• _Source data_
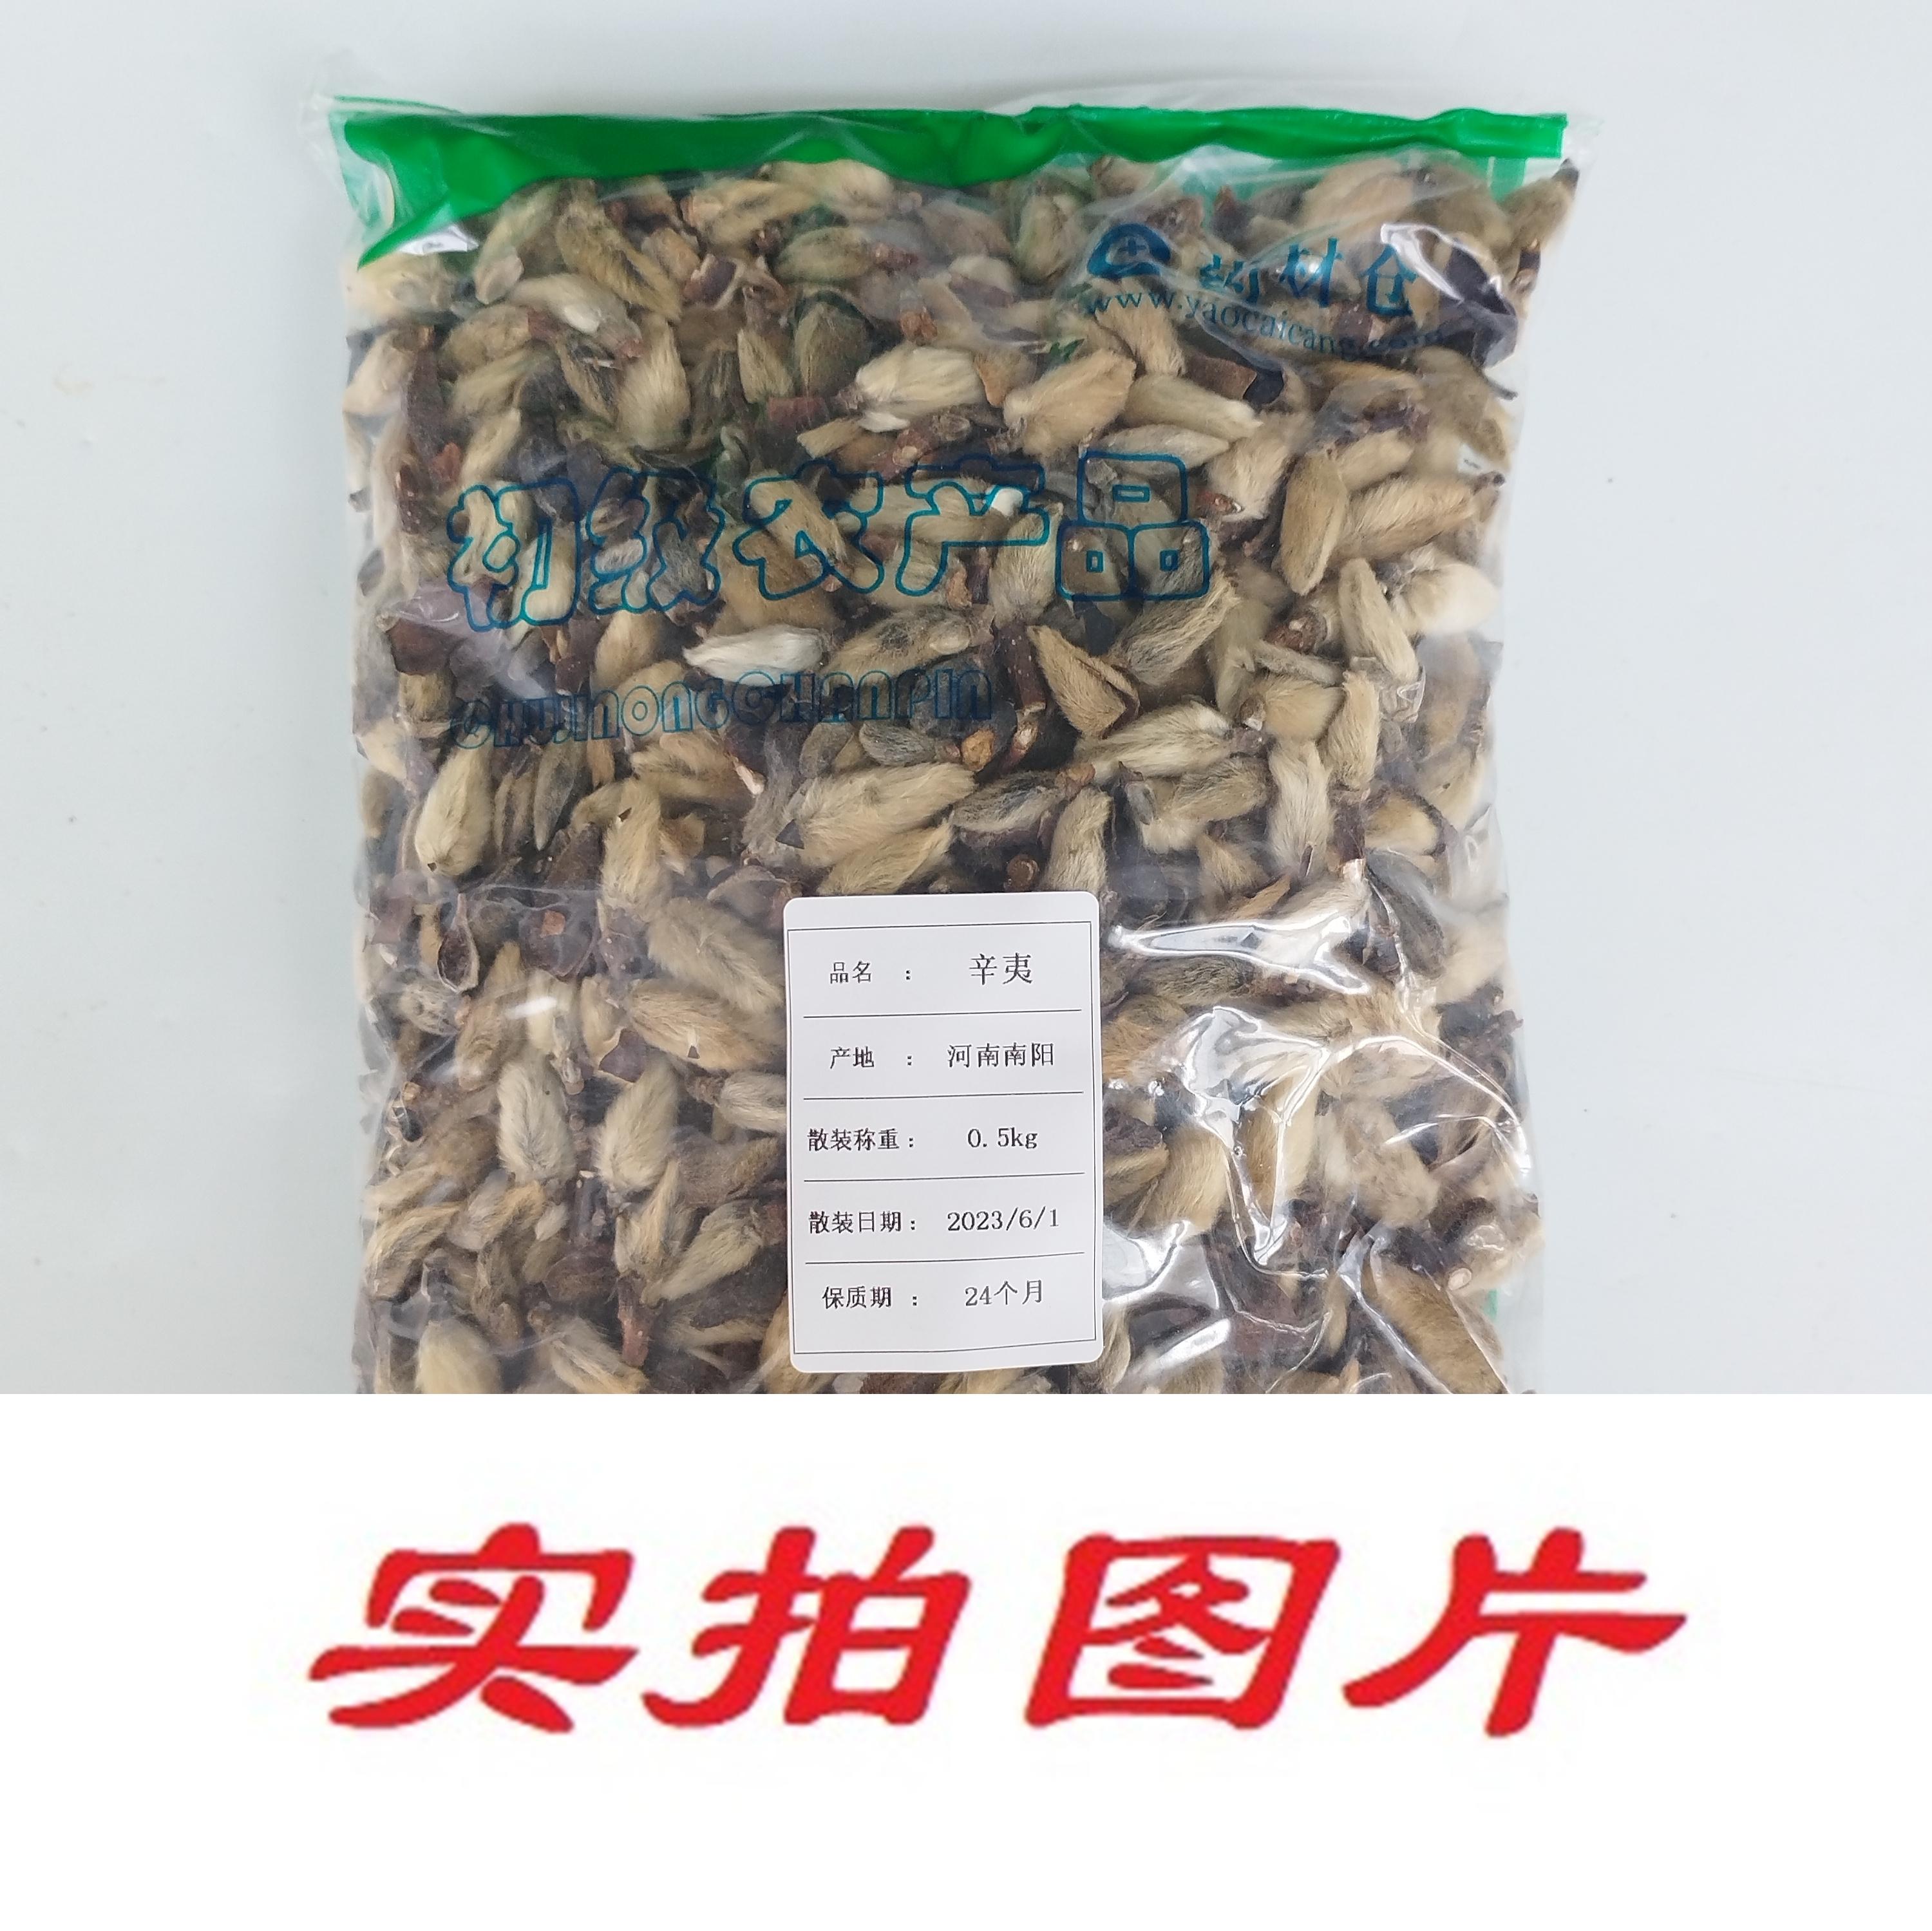 【】辛夷0.5kg-农副产品
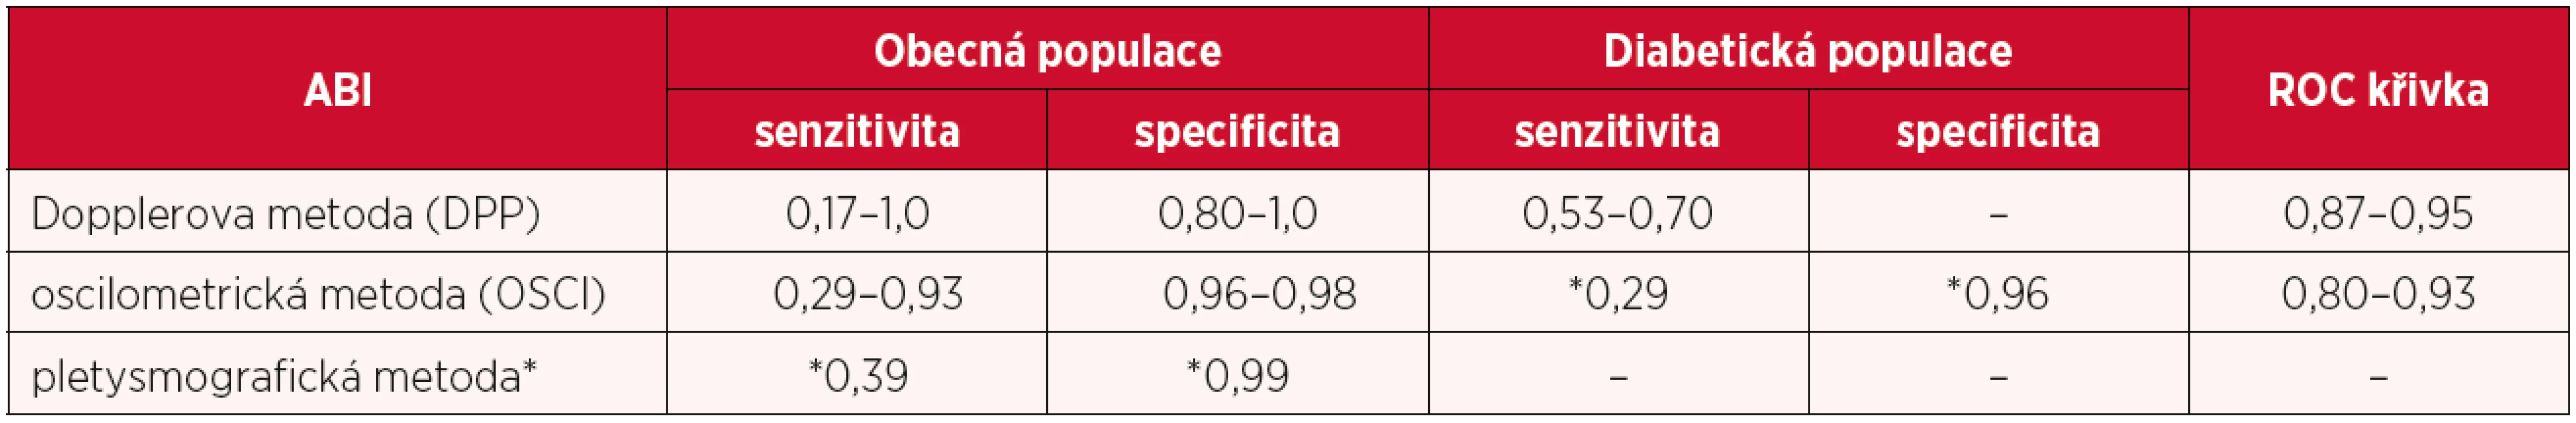 Nejčastěji používané neinvazivní metody ke zjištění ankle brachial indexu (ABI) ve srovnání s angiografickým vyšetřením (rozmezí zjištěných hodnot z různých studií) (1)
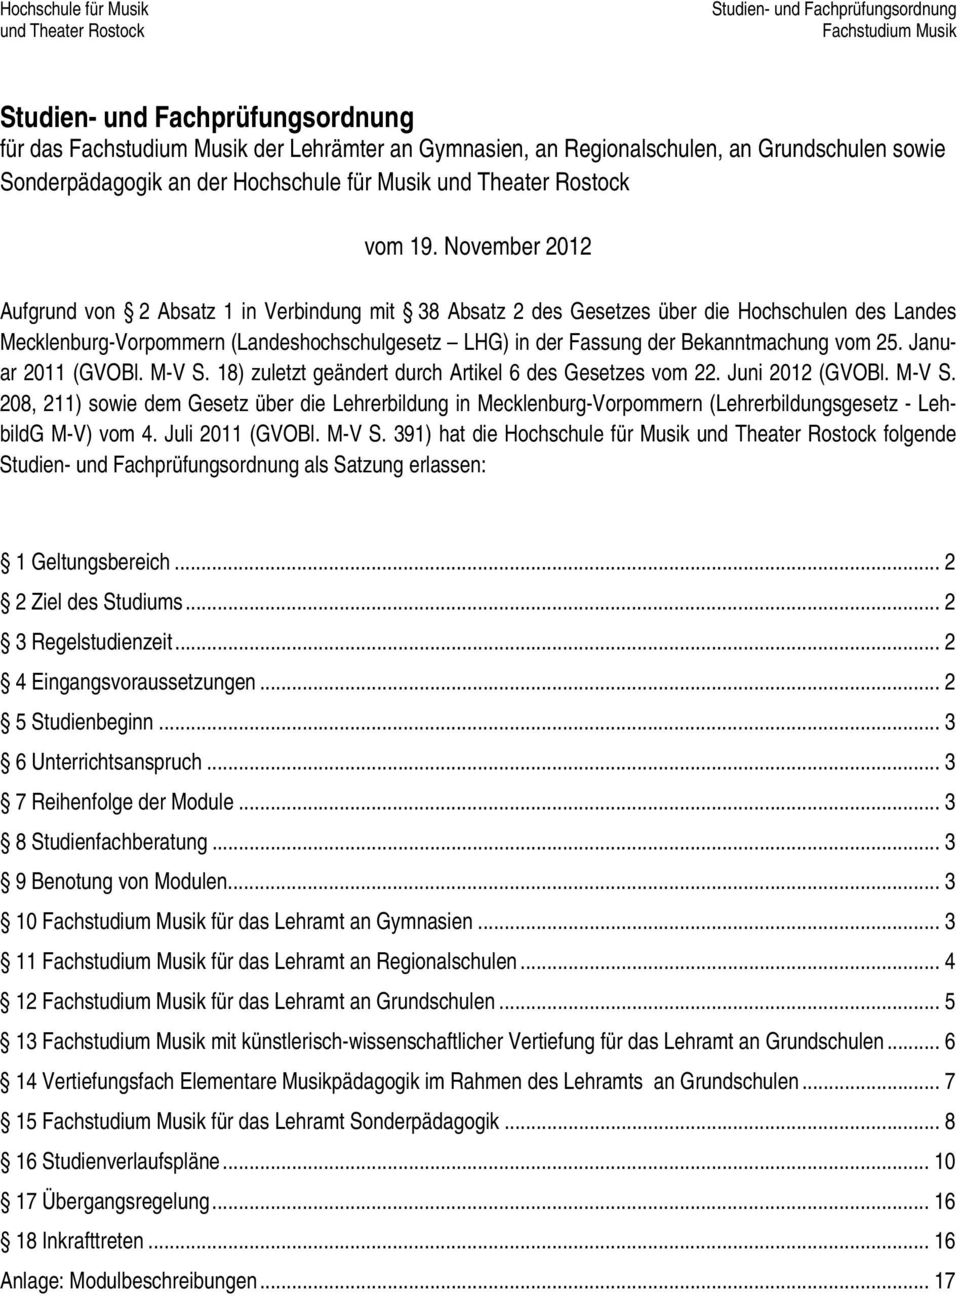 November 2012 Aufgrund von 2 Absatz 1 in Verbindung mit 38 Absatz 2 des Gesetzes über die Hochschulen des Landes Mecklenburg-Vorpommern (Landeshochschulgesetz LHG) in der Fassung der Bekanntmachung
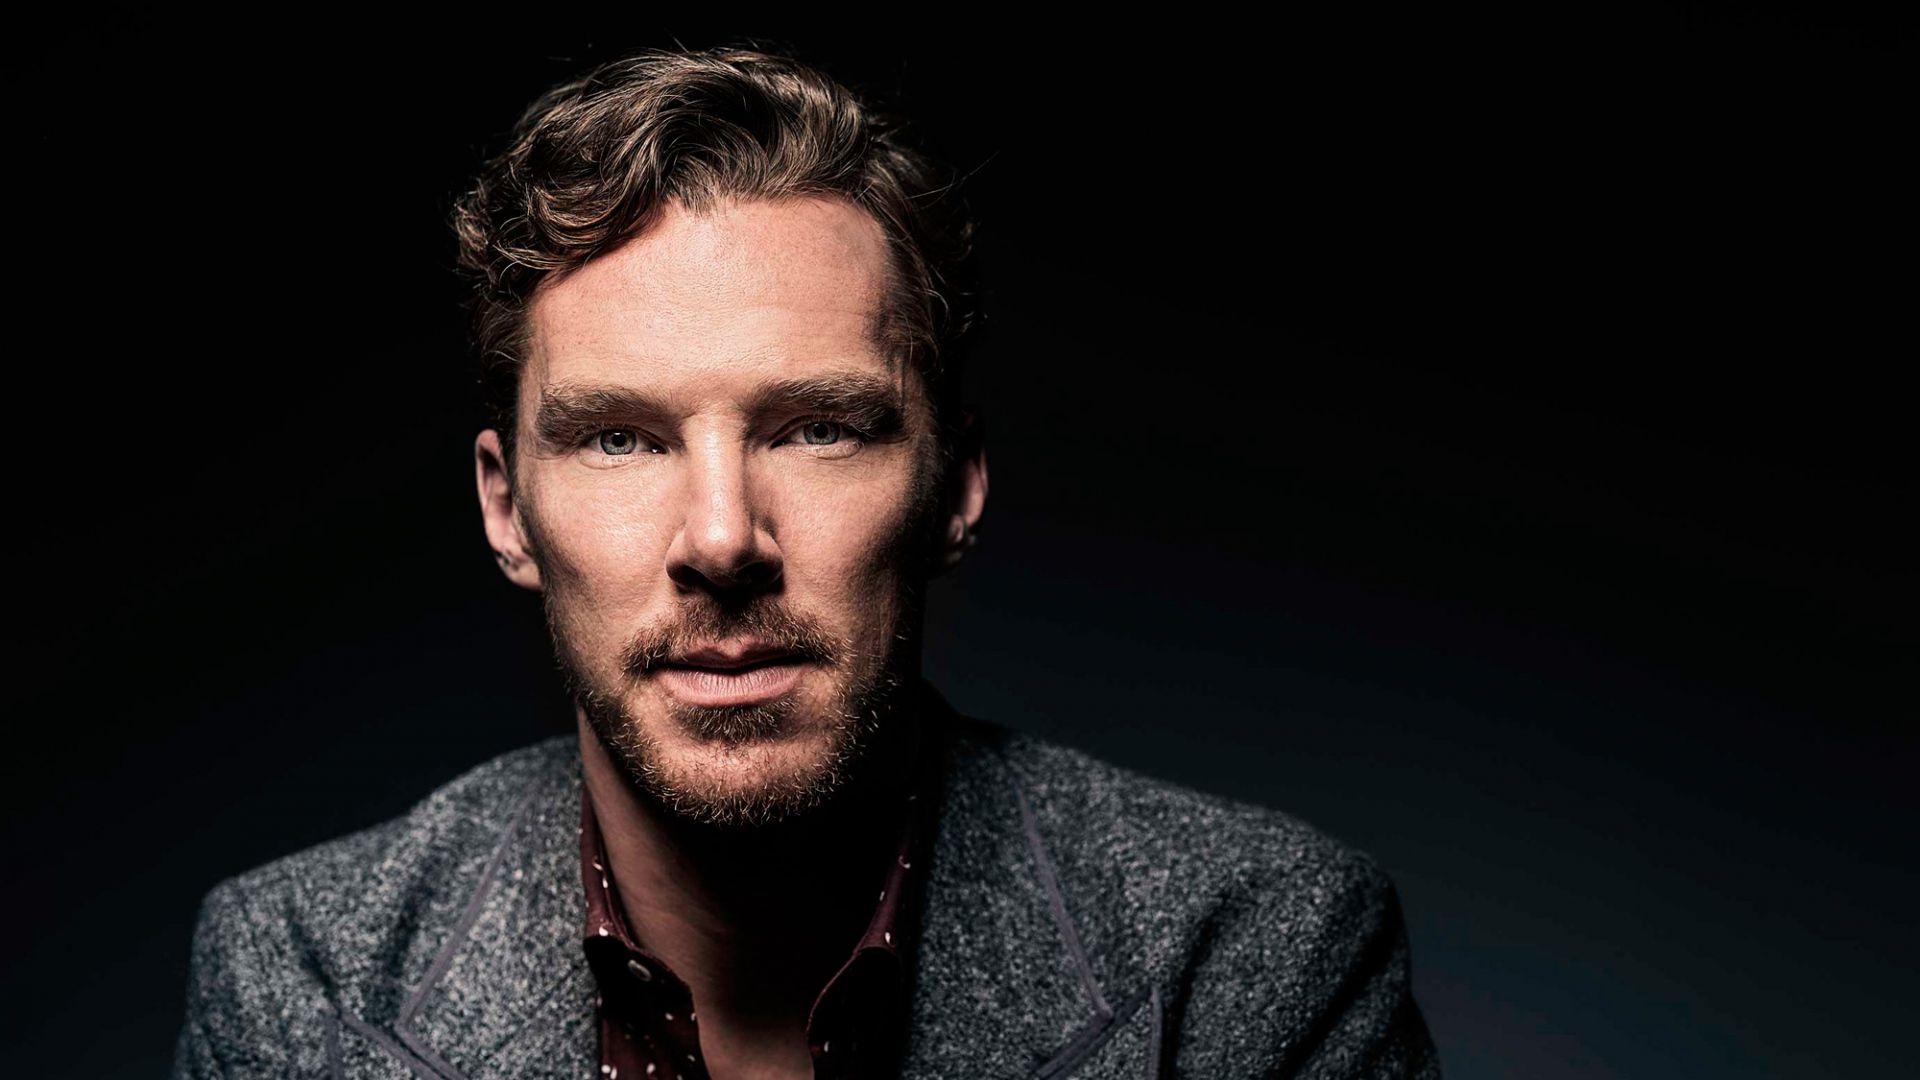 Actor In Focus: Benedict Cumberbatch
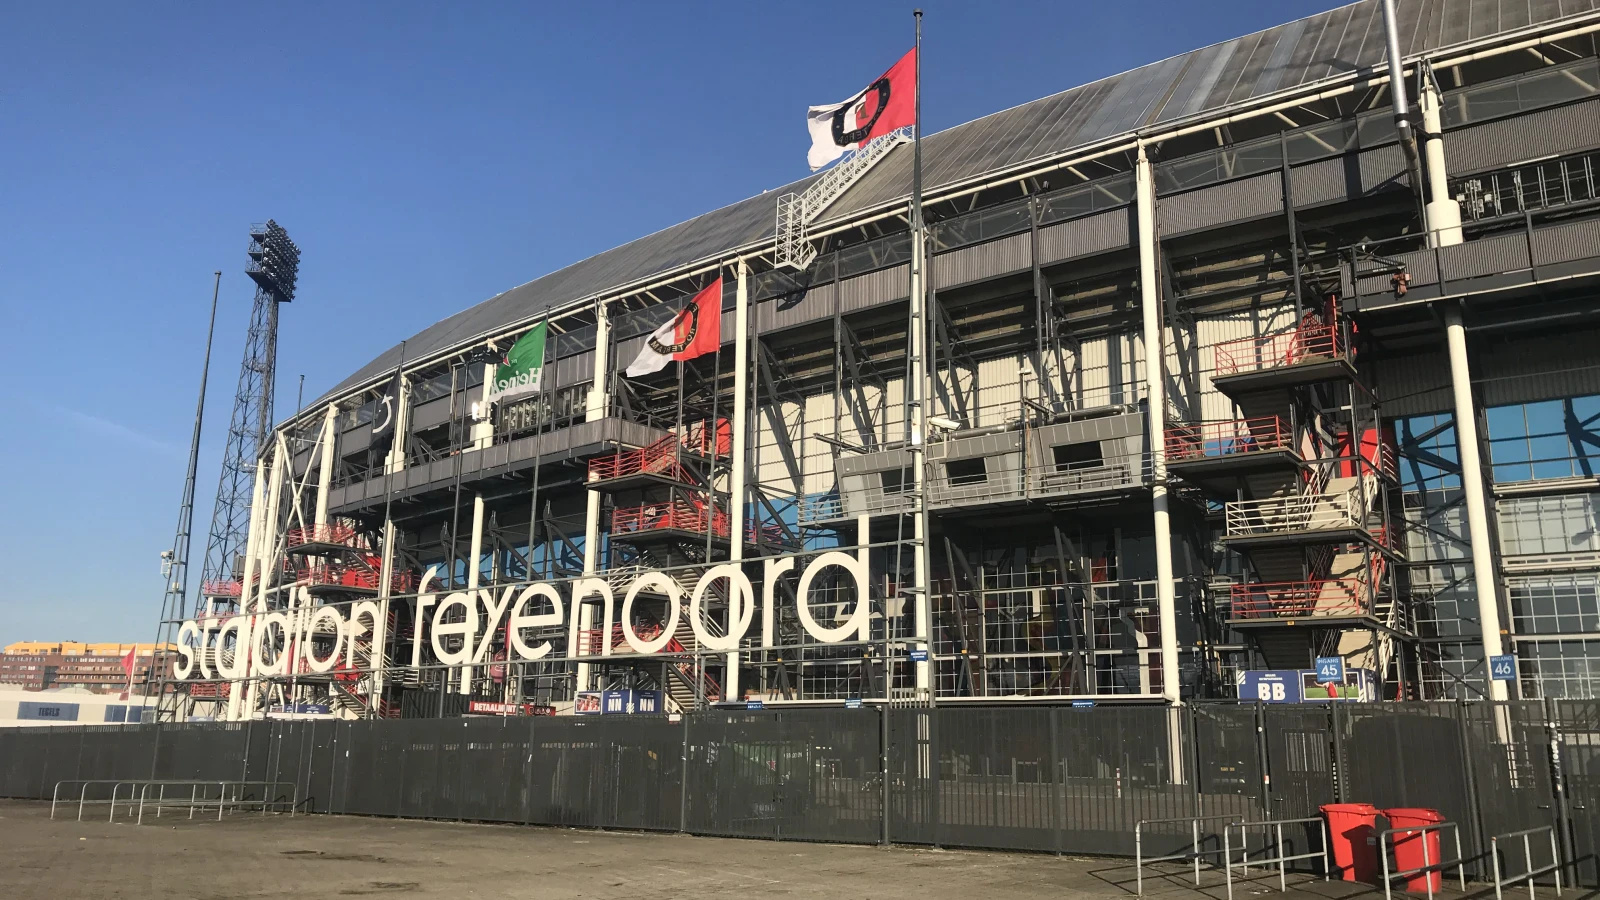 Feyenoord interessant voor investeerders: 'Makkelijk naar de Champions League'

• _Instructions for the task_
A word-for-word copy is needed of the lines from the line with "Nejčastěji používané neinvazivní" through the last line of the entries above, with both ends kept and the pictures dropped.

• _Written answer_
 Nejčastěji používané neinvazivní metody ke zjištění ankle brachial indexu (ABI) ve srovnání s angiografickým vyšetřením (rozmezí zjištěných hodnot z různých studií) (1)
 November 2012 Aufgrund von 2 Absatz 1 in Verbindung mit 38 Absatz 2 des Gesetzes über die Hochschulen des Landes Mecklenburg-Vorpommern (Landeshochschulgesetz LHG) in der Fassung der Bekanntmachung
 Actor In Focus: Benedict Cumberbatch
 Feyenoord interessant voor investeerders: 'Makkelijk naar de Champions League'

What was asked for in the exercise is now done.